A laughter casualty is anyone in a laughter workshop who leaves with a bad case of uncontrollable giggles. Perhaps it's the only sort of casualty the Army -- or Wilson's World Laughter Tour -- doesn't regret having to report.
Scott's classes have gone well enough for him to train 15 to 18 Army Reserve officers to bring workshops on a more regular basis to military families in Kansas, Texas, Idaho and Indiana.
The medical world started taking note of the possibilities of therapeutic laughter after Norman Cousins book, "Anatomy of an Illness," came out in 1979. In it, he describes how watching Marx Brothers movies, "Candid Camera" and other comedies helped him fight ankylosing spondylitis, a life-threatening disease of the joints and connective tissue, that left him in excruciating pain with few options for treatment.
One of the things Cousins documented was that a 10-minute belly laugh could give him two hours of painless sleep. "What you begin to appreciate is the profound effect that positive emotions can have on the physical body," said Alex Zautra, professor of psychology at Arizona State University.
Zautra recently conducted a long-term study of 124 women with osteoarthritis and related illnesses. While many would assume that patients in good spirits would be better able to deal with pain, Zautra's research, published in the April issue of The Journal of Consulting and Clinical Psychology, suggests the ability to manage and conquer pain can largely be predicted by a patient's frame of mind.
"It's true that some people are naturally happy, and they tend to do better than others," Zautra said. "But even if you factor out different temperaments, it seems that people who are not as jovial can learn to better handle pain if they work toward improving their mood."

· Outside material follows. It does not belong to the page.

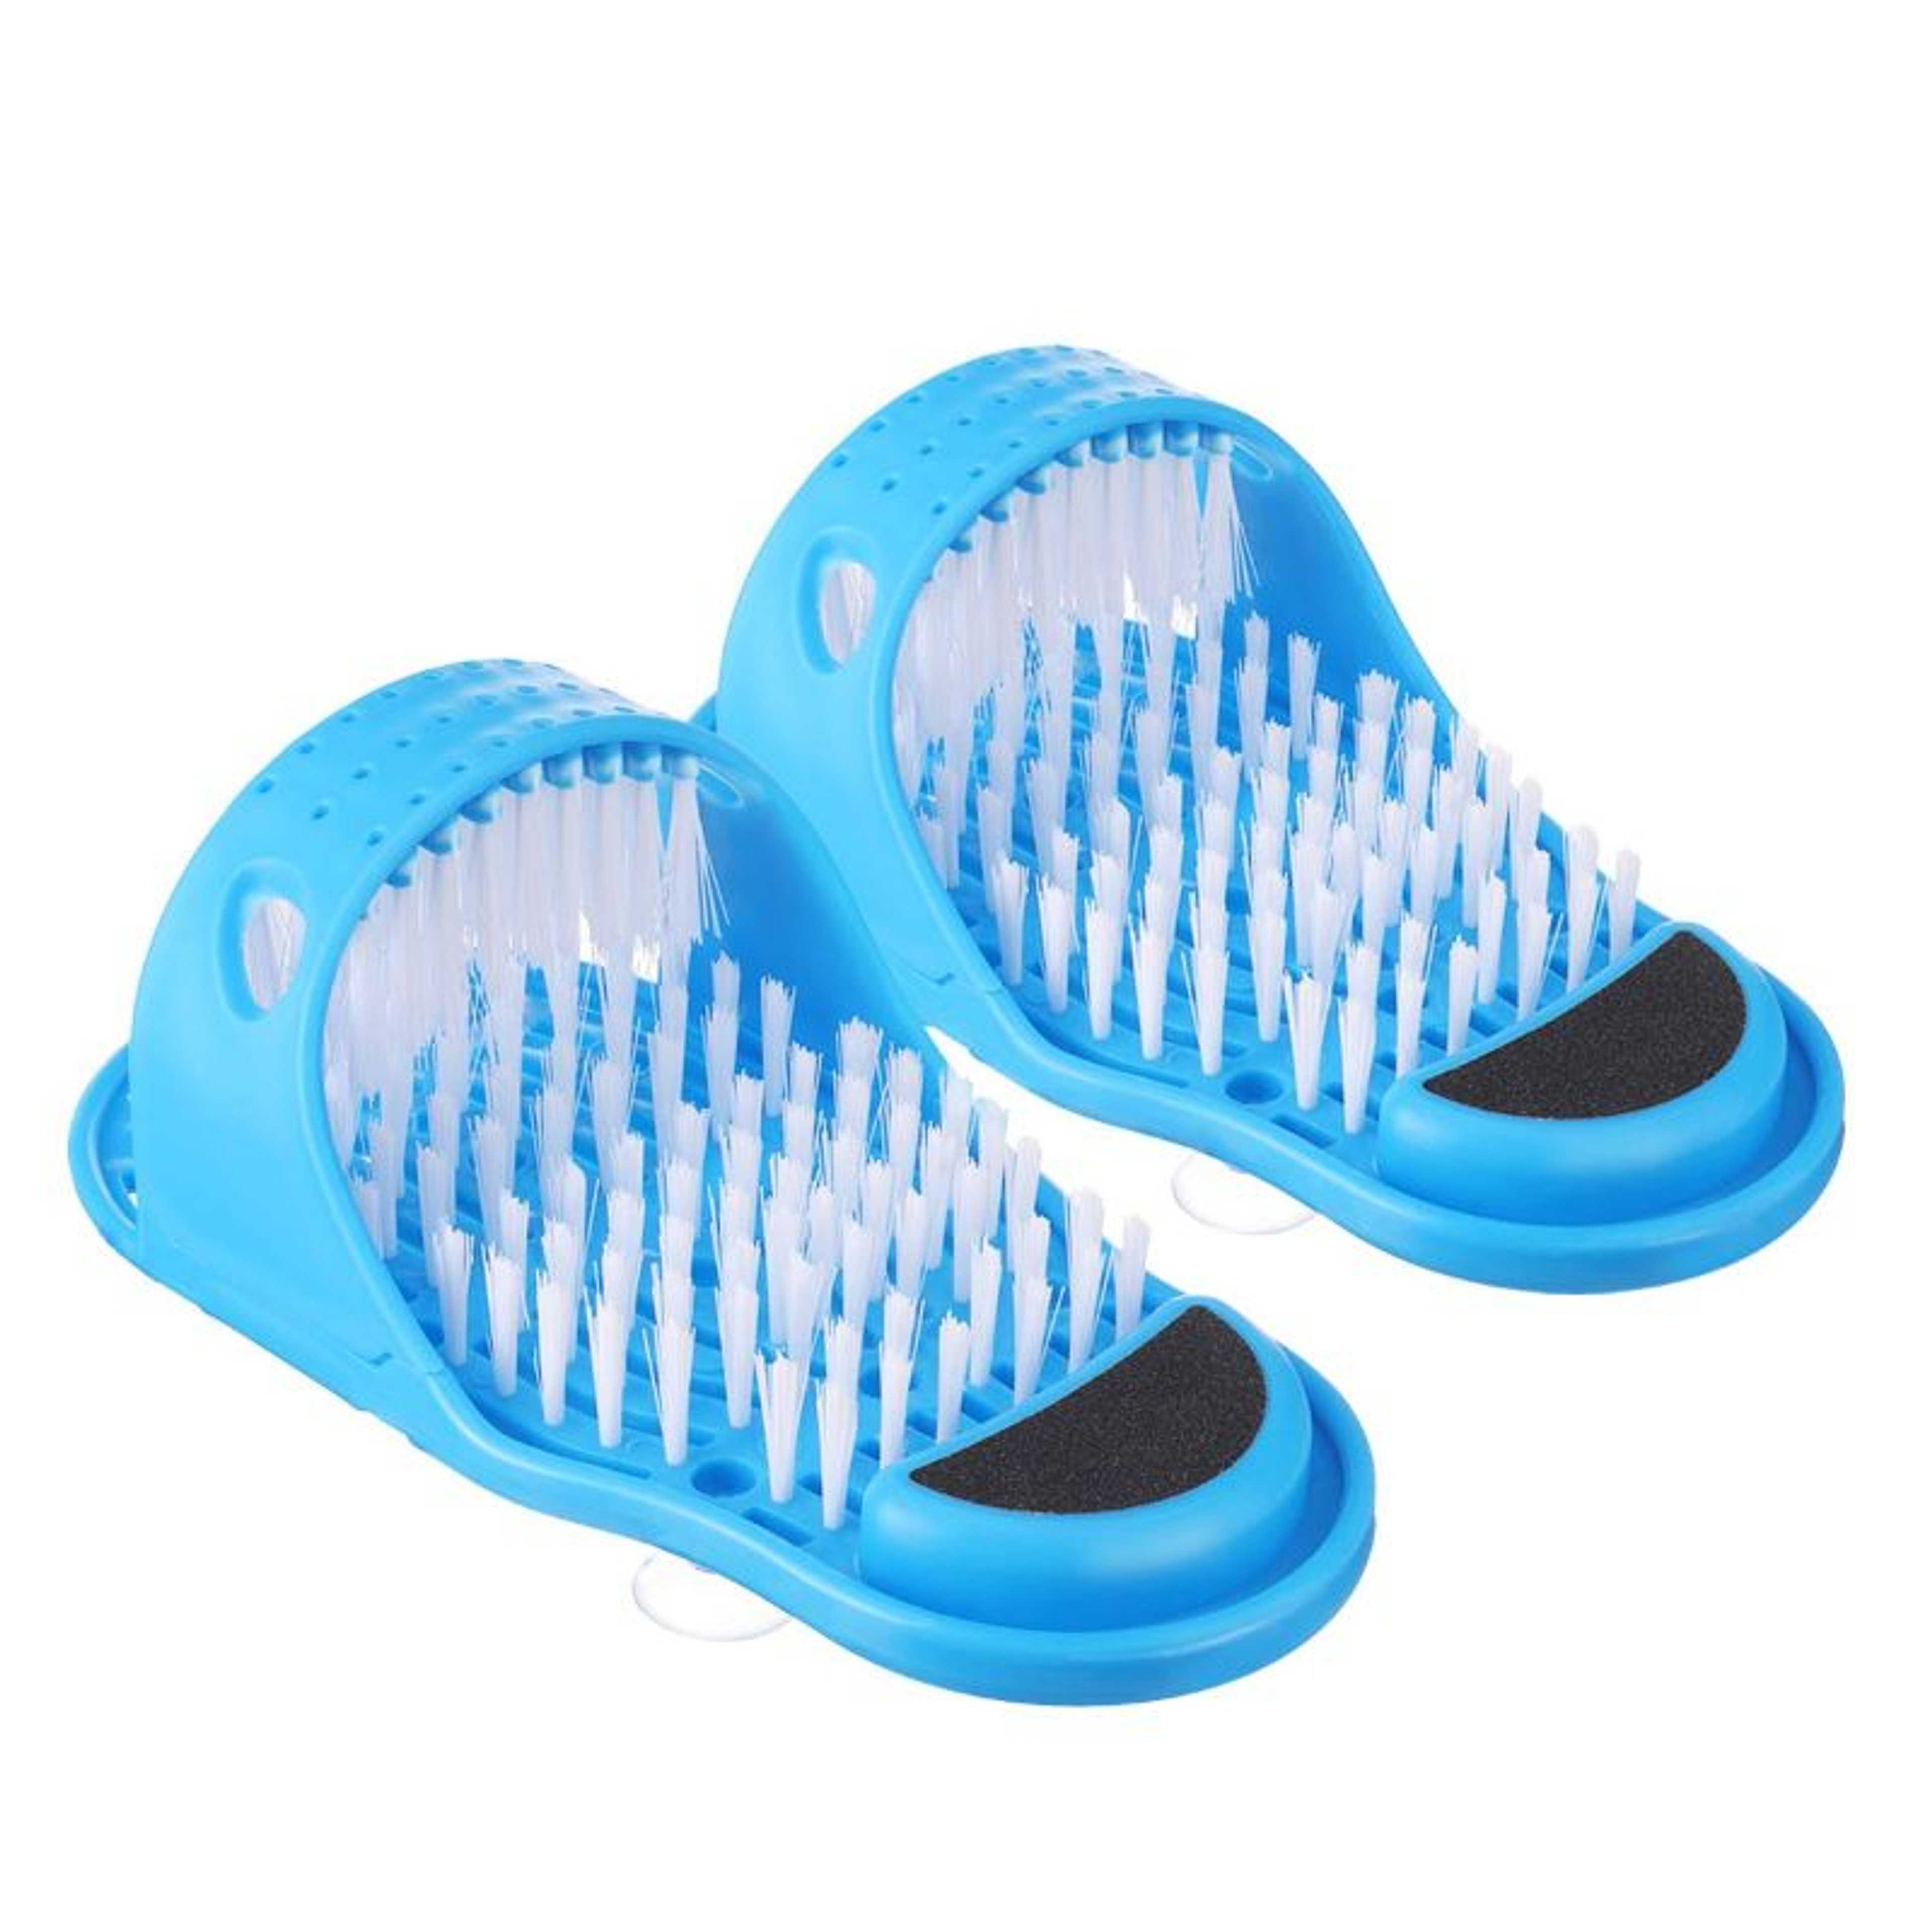 Magic Foot Scrubber, Feet Cleaner, Feet Shower Spa Massage, Easy Cleaning Brush Exfoliating Foot Massager Slippers

Of course, Hollywood has taken the issue to heart. The Robin Williams movie "Patch Adams," highlighted the approach of Dr. Hunter Adams, who made comedy part of his patients' medical treatment, donning a clown nose to help entertain patients.
Through the years, celebrities have a time-honored tradition to make hospital rounds to raise spirits, if only to build their own public image. But entertainment -- especially laughter -- is more and more becoming hospital routine.